Open dimka11 opened 2 years ago
I am not sure if I get your question. You are saying the example does not work even if you converted the ase Atoms to xyz file?
@chc273 Thanks for response! That's is a example of my xyz file:
34
Properties=species:S:1:pos:R:3 pbc="F F F"
C 23.94271088 -4.14493513 -2.98162127
C 24.55592728 -0.82619798 1.23874521
O 20.93027115 2.65132999 1.20267034
C 16.11702538 1.21504414 1.46484005
O 15.08468533 -3.13689113 1.72822750
N 12.34882450 4.55354691 1.44151032
C 7.51371670 2.86691523 1.71749294
N 5.92233944 -1.59980488 2.00862408
N 1.48521304 -2.39037442 2.22327352
C -1.57001507 1.23494565 2.15761590
C -6.86996460 0.83962160 2.38604617
C -8.86610794 0.44161573 -2.65364766
C -14.11276245 0.06187227 -2.19375157
C -16.35991859 -4.27609301 -1.76654506
C -21.28580284 -4.39460611 -1.34774482
C -23.98753166 -0.24840684 -1.35021245
C -21.73451805 4.07528114 -1.77712965
C -16.83377075 4.22927999 -2.19576573
S 2.25029945 5.97498083 1.76499522
H 24.44957352 -7.96948814 -1.98474431
H 20.41406441 -3.66614795 -4.67646313
H 26.86673546 -3.41824102 -5.65698814
H 24.43783188 -2.88718438 4.61809397
H 28.05641365 1.06847334 0.92216319
H 12.93233967 8.17394257 1.23317087
H -7.73730135 -2.48141146 4.22825480
H -8.44302177 3.79710603 4.37515783
H -8.03818798 3.85060787 -4.53595924
H -7.34933376 -2.67482758 -4.47931862
H -14.32896519 -7.55946207 -1.75550330
H -23.16374397 -7.72327423 -1.00702596
H -27.87986374 -0.56414610 -1.00707245
H -23.81028938 7.30708075 -1.78150427
H -14.93687820 7.61984539 -2.54143047
After loaded by pybel it's look incorrectly compared with moleculus from molecules.json, instead the structure it's show only C .. O . C..

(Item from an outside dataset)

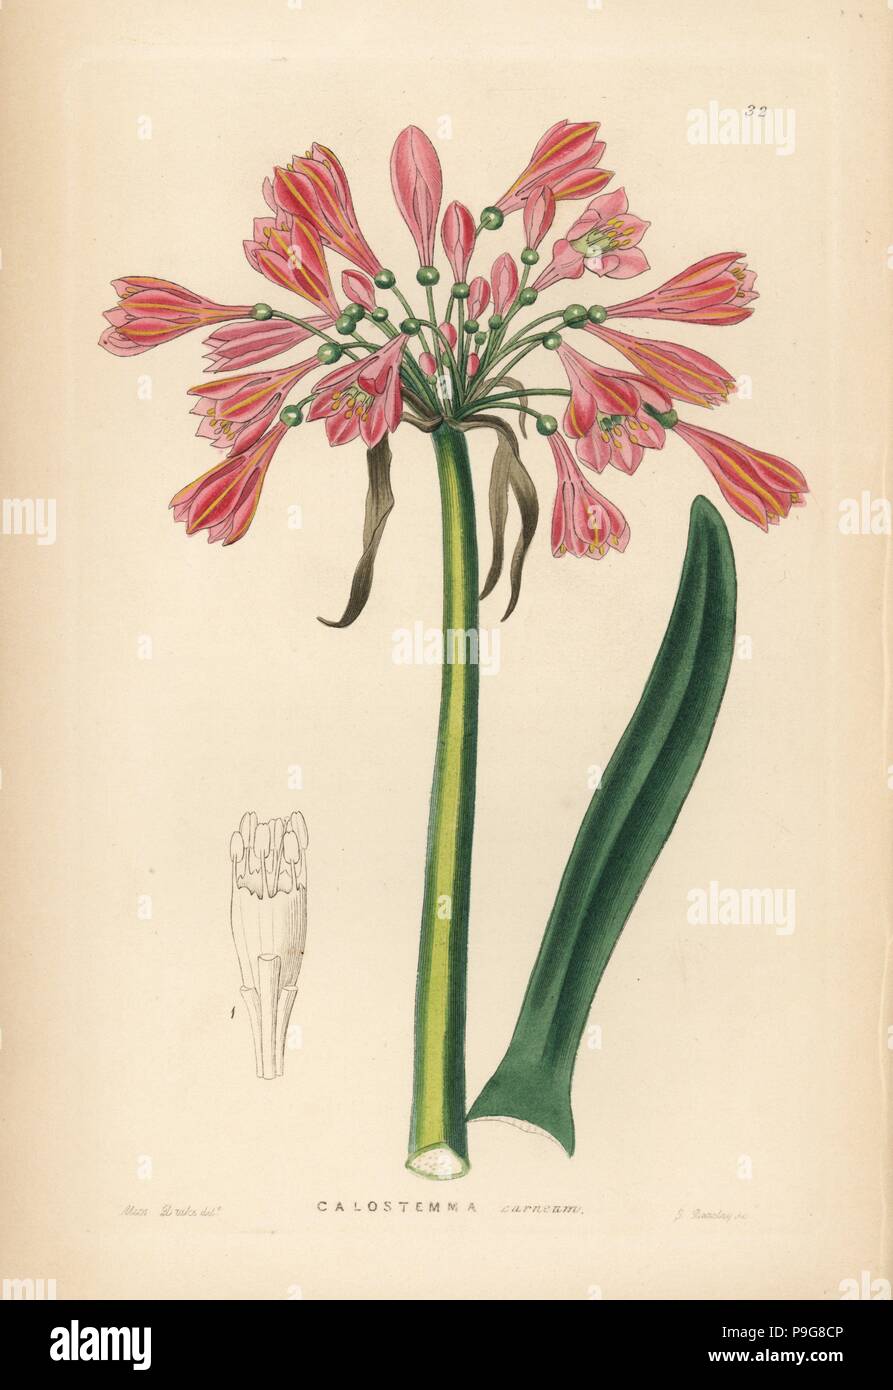 Garland lily, Calostemma purpureum (Flesh-coloured calostemma, Calostemma carneum). Handcoloured copperplate engraving by G. Barclay after Miss Sarah Drake from John Lindley and Robert Sweet's Ornamental Flower Garden and Shrubbery, G. Willis, London, 1854. Stock Photo
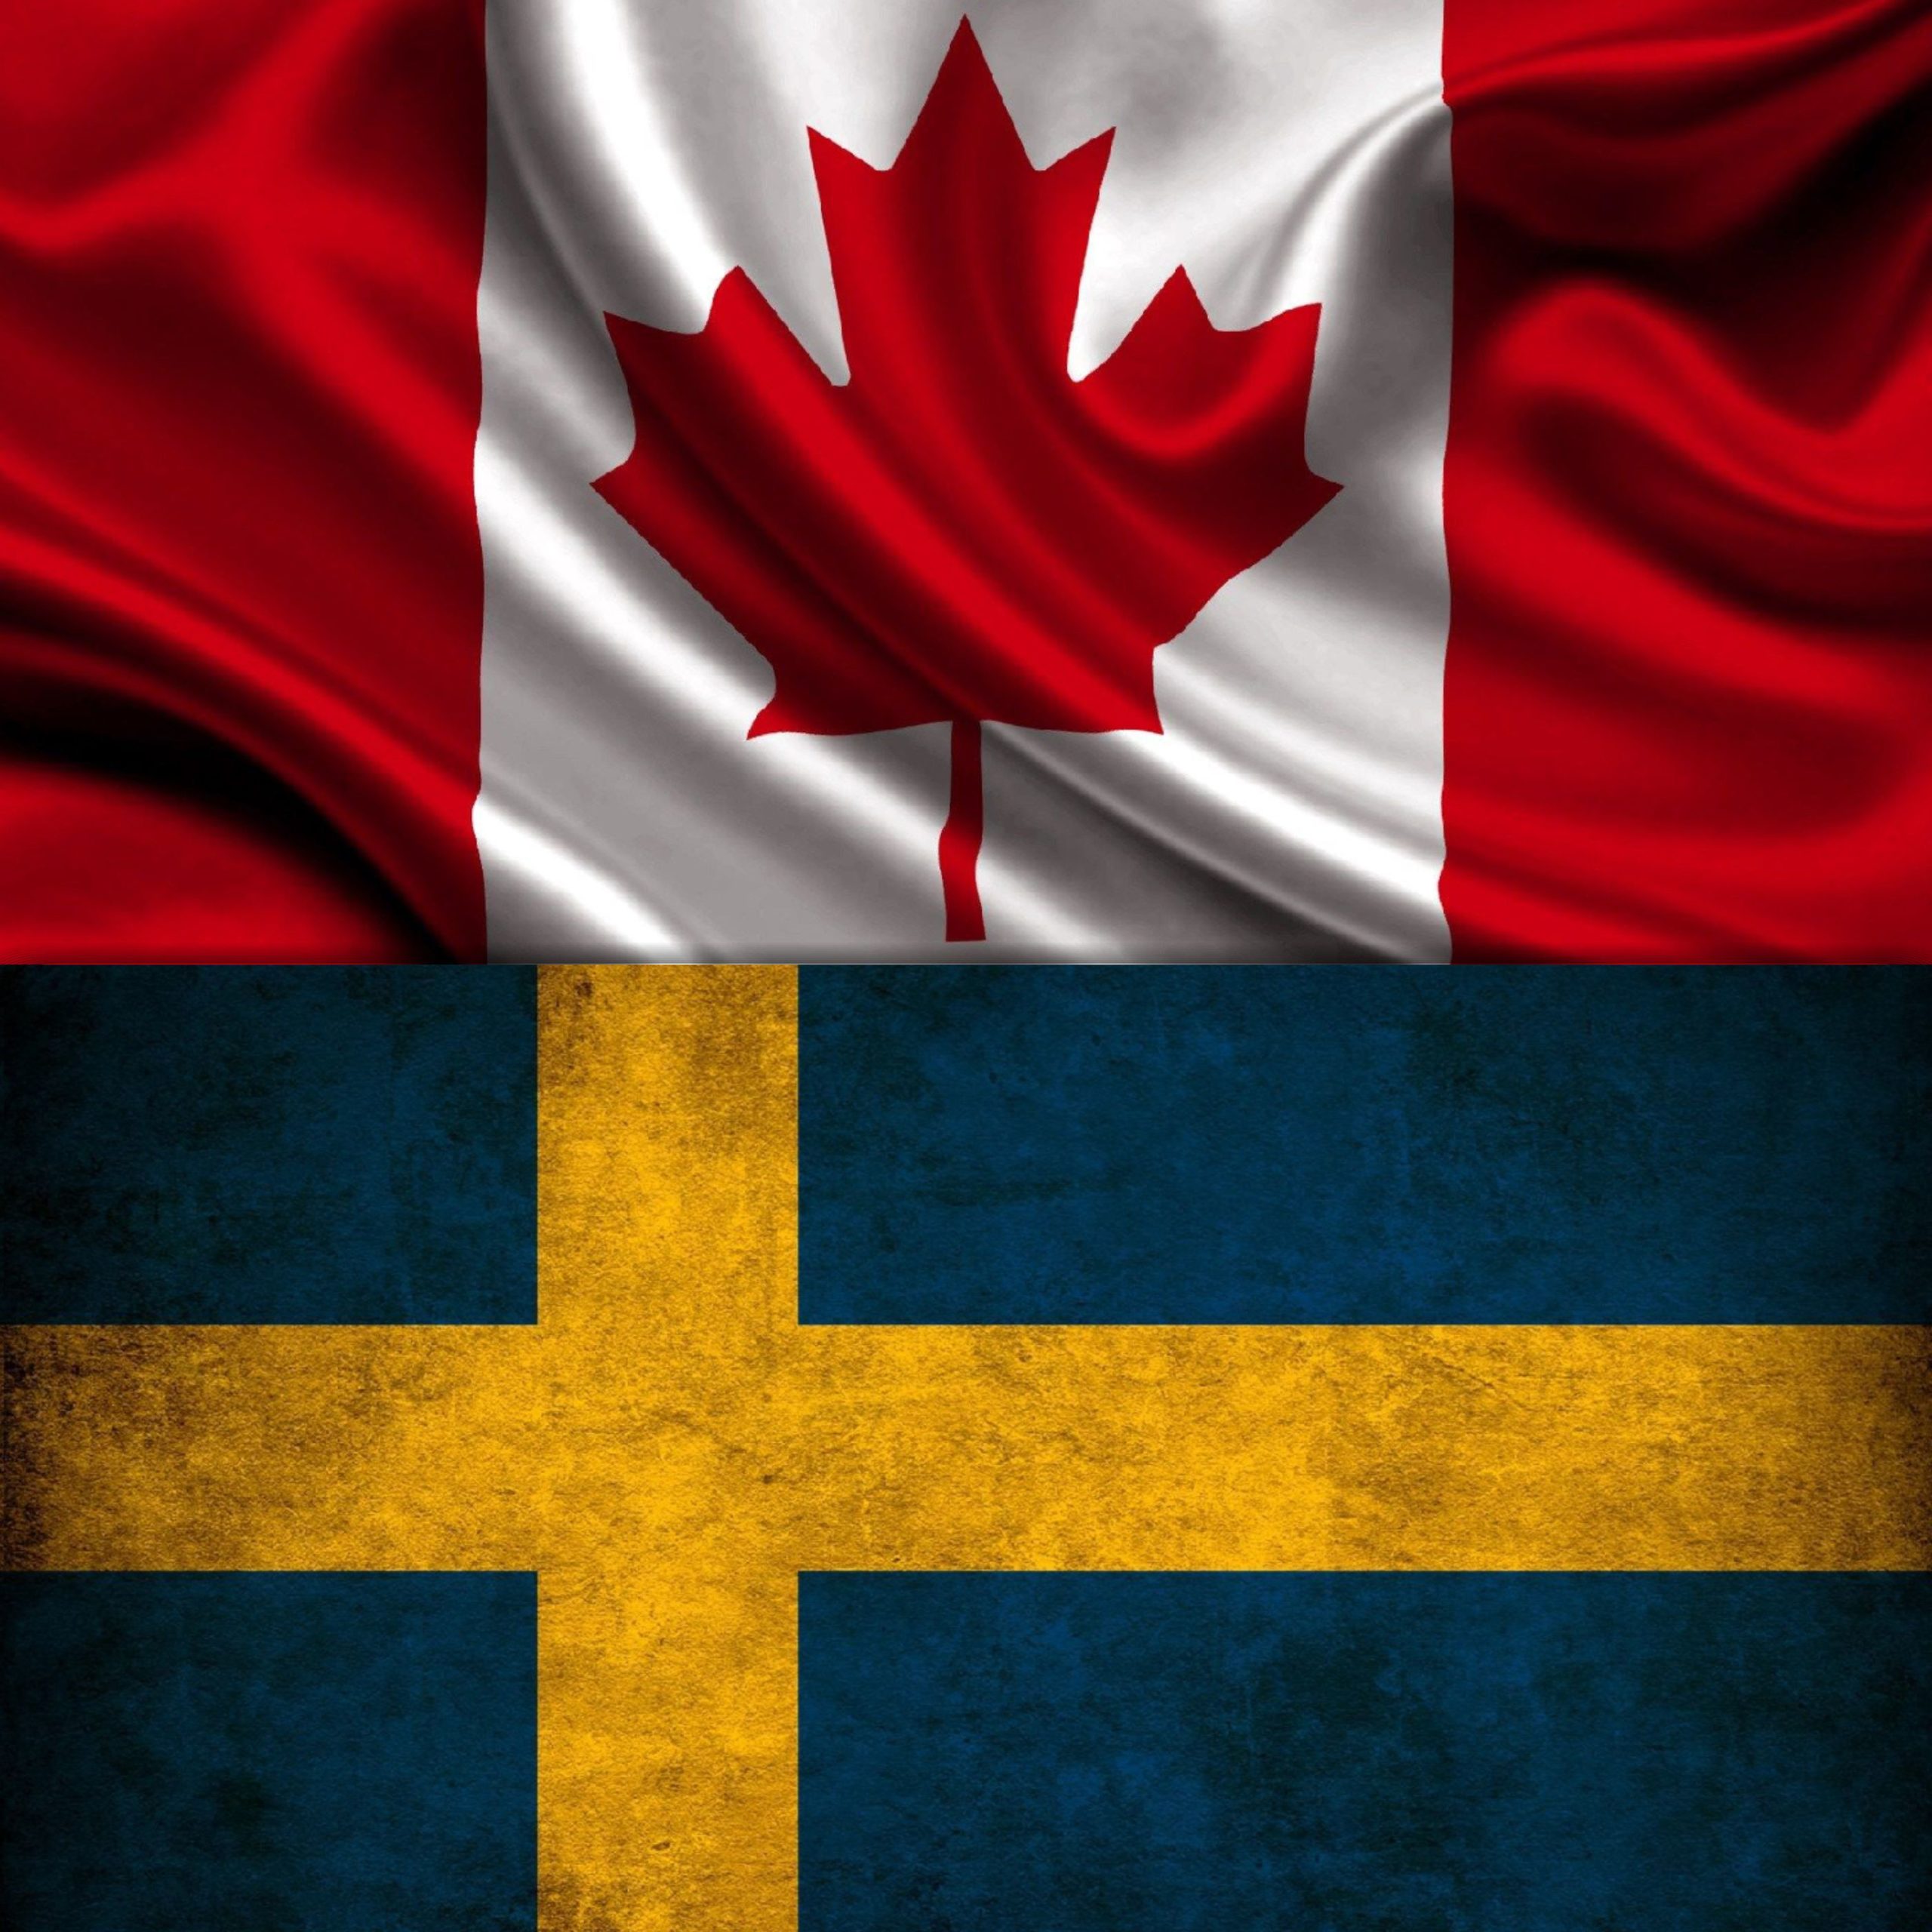 Canada Or Sweden

(pybel doesn't molecule structure )
And after training of megnet model start I get error:
---------------------------------------------------------------------------
ValueError Traceback (most recent call last)
/usr/local/lib/python3.7/dist-packages/megnet/models/base.py in get_all_graphs_targets(self, structures, targets, scrub_failed_structures)
293 try:
--> 294 graph = self.graph_converter.convert(s)
295 graphs_valid.append(graph)
8 frames
ValueError: max() arg is an empty sequence
During handling of the above exception, another exception occurred:
RuntimeError Traceback (most recent call last)
<decorator-gen-53> in time(self, line, cell, local_ns)
<timed eval> in <module>()
/usr/local/lib/python3.7/dist-packages/megnet/models/base.py in get_all_graphs_targets(self, structures, targets, scrub_failed_structures)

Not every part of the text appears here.